Concretely: a fintech team ships a credit-scoring model with SHAP attributions logged on every prediction. They route every prediction through traceAI as a span with shap.values as a span attribute, sample disputed predictions into a Dataset, and run a CustomEvaluation that flags any prediction where SHAP attribution to zip_code exceeds 0.05. FutureAGI does not generate the SHAP value, but it makes the explanation queryable, auditable, and testable — the difference between “we have explanations” and “we can prove the explanations were not used as a cover for proxy bias.”

How to Measure or Detect It

SHAP-driven measurement signals to wire into your reliability stack:

  • Per-feature attribution magnitude — the absolute SHAP value per feature, per prediction. Spikes on protected or proxy features should fire alerts.
  • Global feature importance — mean absolute SHAP value across a cohort; a stable summary you can monitor for drift over time.
  • BiasDetection evaluator — pairs with SHAP: confirms whether attribution differences across cohorts correspond to real outcome differences.
  • Reproducibility check — recompute SHAP values on the same input across model versions; a drift in attributions on identical inputs indicates a model change.

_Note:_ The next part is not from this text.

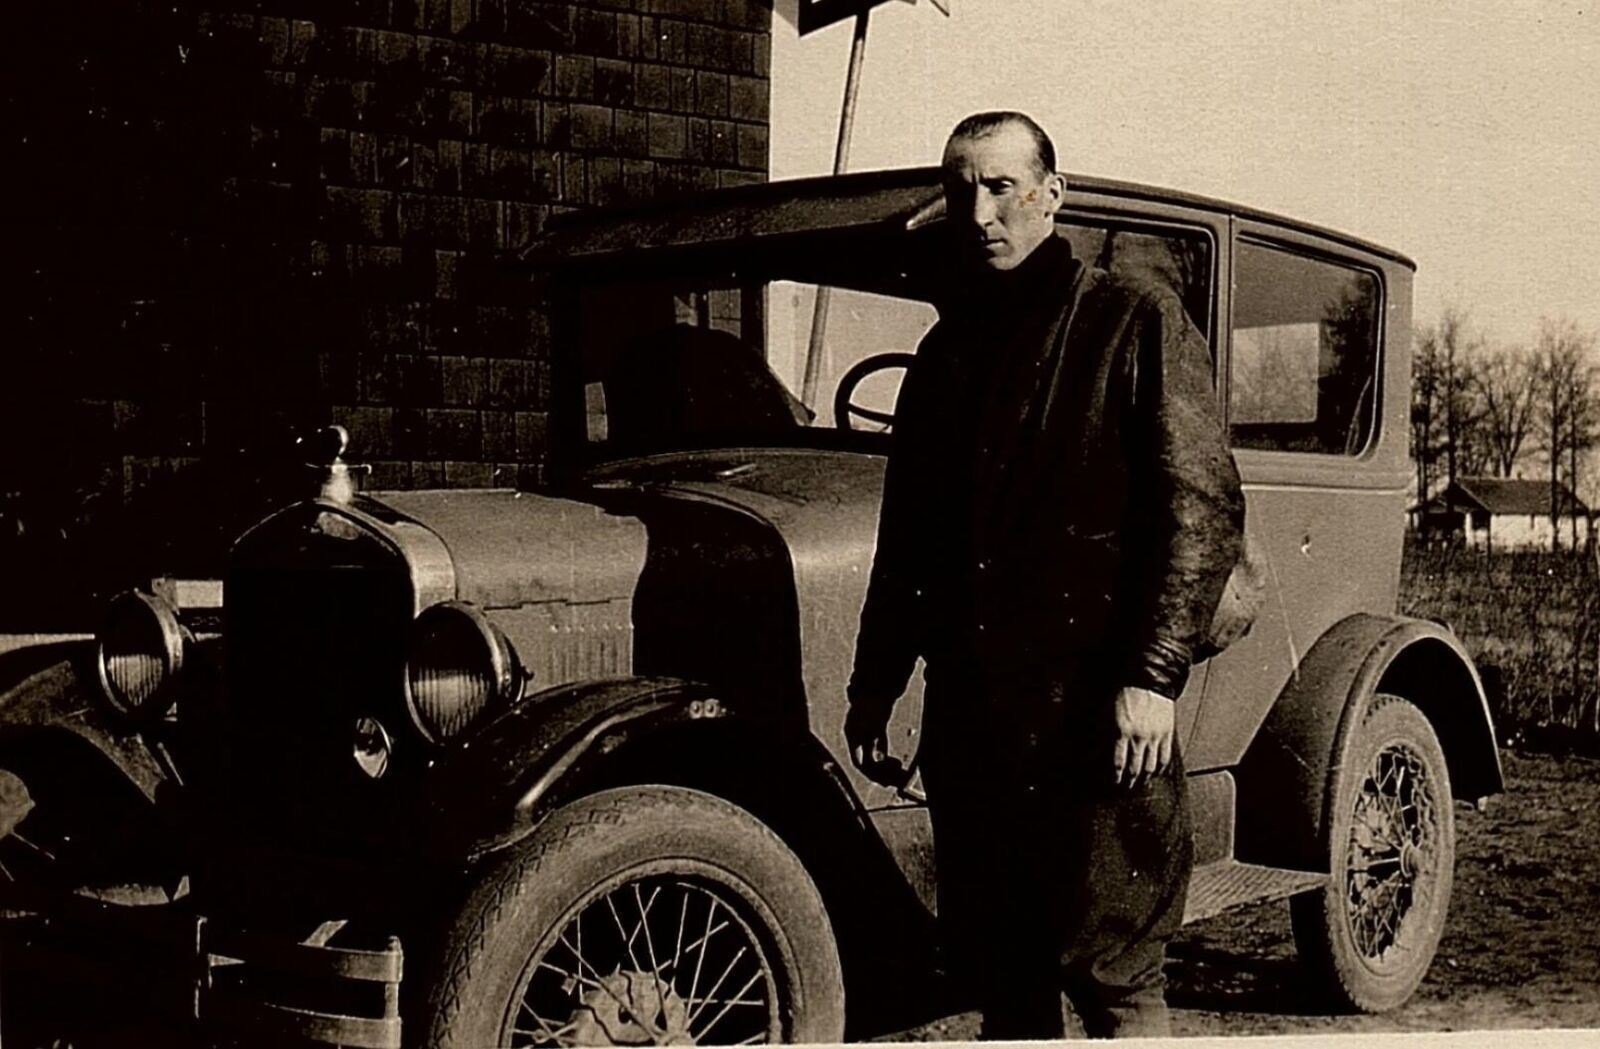 1929 FORD MODEL A TUDOR SEDAN OHIO PLATES OWNER LEATHER JACKET PHOTOGRAPH 34-150

Minimal Python — using FutureAGI to log SHAP values alongside predictions:

import shap
from fi.client import Client

explainer = shap.TreeExplainer(model)
shap_values = explainer.shap_values(features)

Client().log(
    inputs=features,
    outputs=prediction,
    metadata={"shap_values": shap_values.tolist()},
)

Common Mistakes

  • Treating SHAP as causal. SHAP explains the model’s behavior on the input, not the real-world causal mechanism — high SHAP on a feature does not prove the feature causes the outcome.
  • Using kernel SHAP on transformers. Kernel-SHAP scales O(2^n) in feature count and is intractable for token-level LLM inputs. Use token-saliency or circuit analysis instead.
  • Aggregating SHAP without cohorts. A global mean hides cohort-level disparity. Slice by user segment, geography, and protected attribute.
  • Ignoring feature correlation. SHAP values split credit among correlated features in unintuitive ways — a clean attribution can still hide proxy bias.
  • Stopping at the SHAP plot. The plot is the diagnosis, not the remedy. Pair every flagged feature with a fix path: feature removal, reweighting, model swap.

Frequently Asked Questions

What is SHAP?

SHAP (SHapley Additive exPlanations) is a model-explanation framework that uses cooperative-game Shapley values to fairly attribute each input feature's contribution to a single prediction, unifying methods like LIME and integrated gradients under one axiom set.

How is SHAP different from LIME?

LIME fits a local linear surrogate to approximate a model around one prediction. SHAP guarantees consistency and local accuracy via Shapley-value math, so feature attributions sum exactly to the prediction and are stable across runs — properties LIME does not promise.

How does FutureAGI work with SHAP?

FutureAGI does not compute SHAP values. We evaluate model outputs and behavior; if a tabular model ships with SHAP-based explanations, FutureAGI's BiasDetection and audit-log surfaces help verify that the explanations track real performance across cohorts.